Could you describe the songs?
‘The Morning After’ with Indian melodic influences and a jazz treatment, describes the after-effects of a night with supersized gin and tonics with a girlfriend in lower Manhattan. ‘Jailer’ is a waltzy song that talks about a terrible experience that I had years ago. Rather than tackling the abuser, it was happier to write songs about it. ‘Would I Lie for you’ is a funky tune used with a typical Mridanga korvai to suit the rap lyrics. The Indian influence is evident here, but the treatment is neo jazz.
‘Leifmotif’ a delicate composition by Aman is in seven beats for the most part. The buried origins of this song are in the raag Yaman, but with so many jazz substitutions, it is only felt and not heard. ‘Only Illusion’ has syncopating rhythms and changing time-feel..a meditative song of love and longing. The piano work is almost classical in nature. ‘Bangalore Blues’ talks of a snowy winter’s day in New York, when I longed for the jacaranda trees and greenness of home.
What made you choose artist Paul Fernandes to be associated with your album and video?
Paul Fernandes is a chronicler of Bangalore an he has a quaint, ironic and witty way of capturing this city in his art. He is really quite astonishing. I asked him if he would let me use his art for my album and to my utter joy he said yes. Not only that, we decided to use many of his artworks for a video for the title track.

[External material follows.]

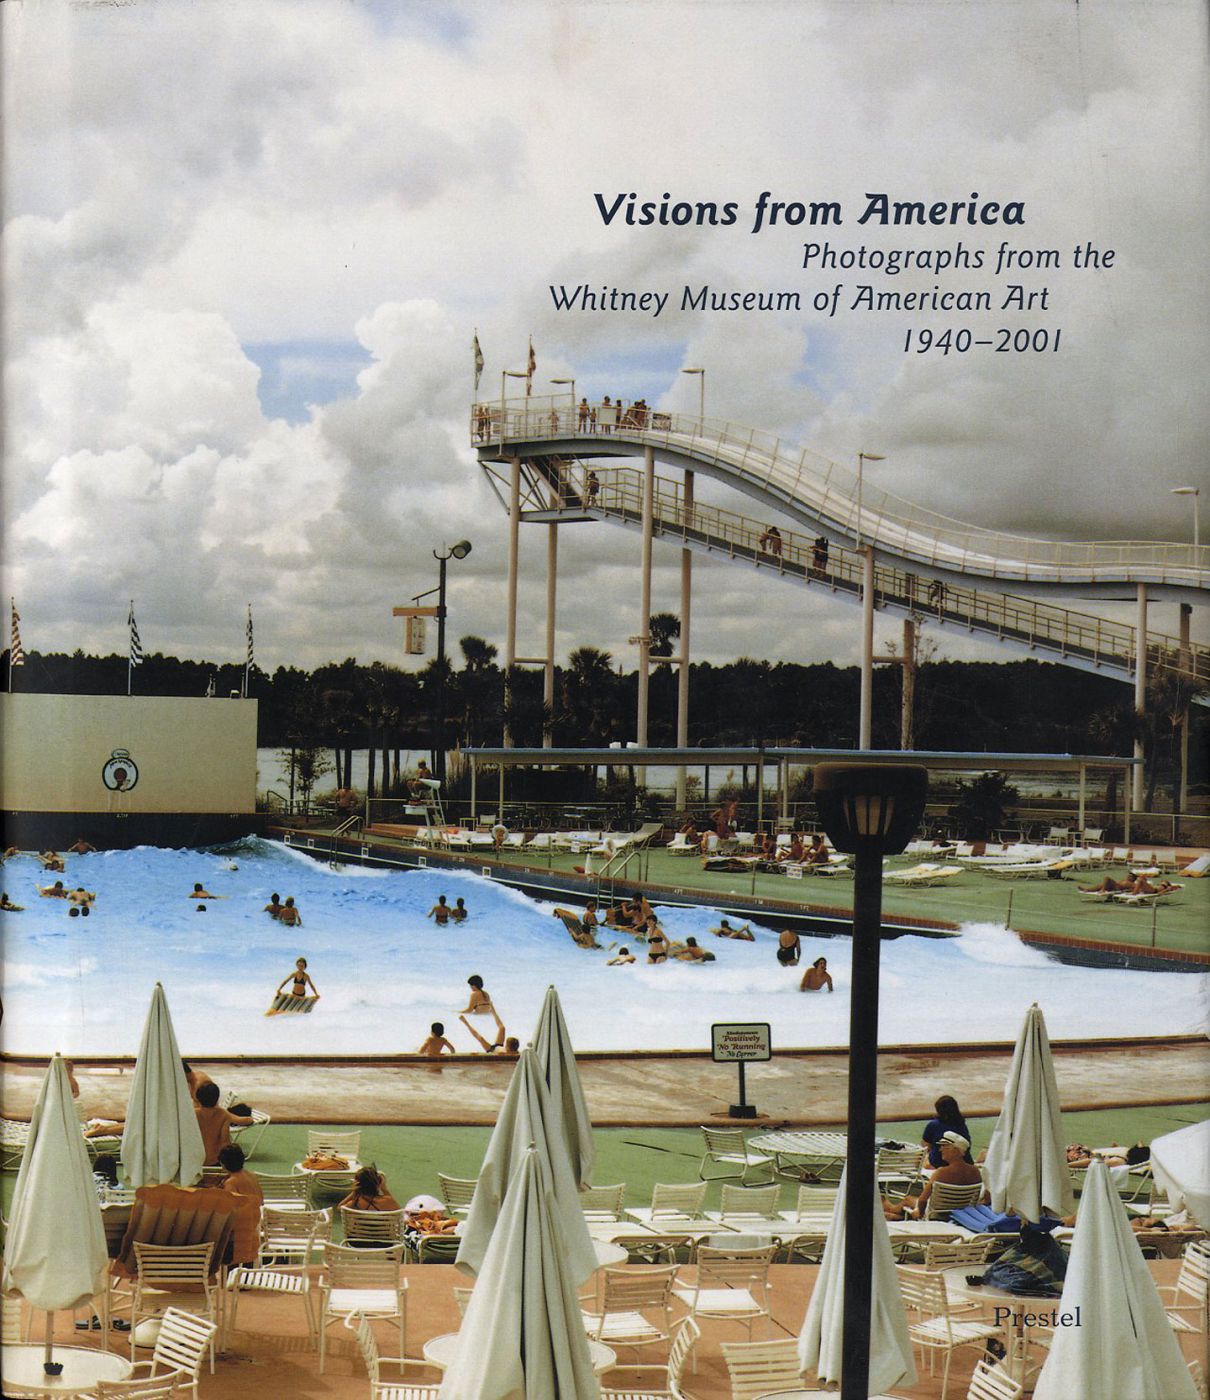 Visions from America: Photographs from the Whitney Museum of American Art 1940-2001

After training in Hindustani how did you find the shift to Jazz cope with your timbre?
I studied Hindustani music a long time ago. And even then, I was already in a rock and roll band. I took lessons to help me sing better and also to be able to incorporate the improv techniques with my own singing.
Your huge break in the 70s is after you joined the rock ‘n’ roll band, Human Bondage?
I was auditioned by a very serious organisation called Jazz India, when I was about 18, singing at Chin Lung Restaurant in Bangalore. They said if they liked my singing, they’d help my career – if they didn’t like me, I was out of luck. I guess I was good enough, because they paved the way for me to New York to meet some amazing musicians and perform and get myself a little experience.
The musical duo
Aman Mahajan says Radha and he have worked together for almost a decade now, playing all kinds of music with different groups, focussing mostly on jazz standards and original music. What sets Bangalore Blues apart, he says, is that “it’s a collaboration in the truest and most basic sense – a completely stripped-down piano-voice duo version of songs by the two of us.”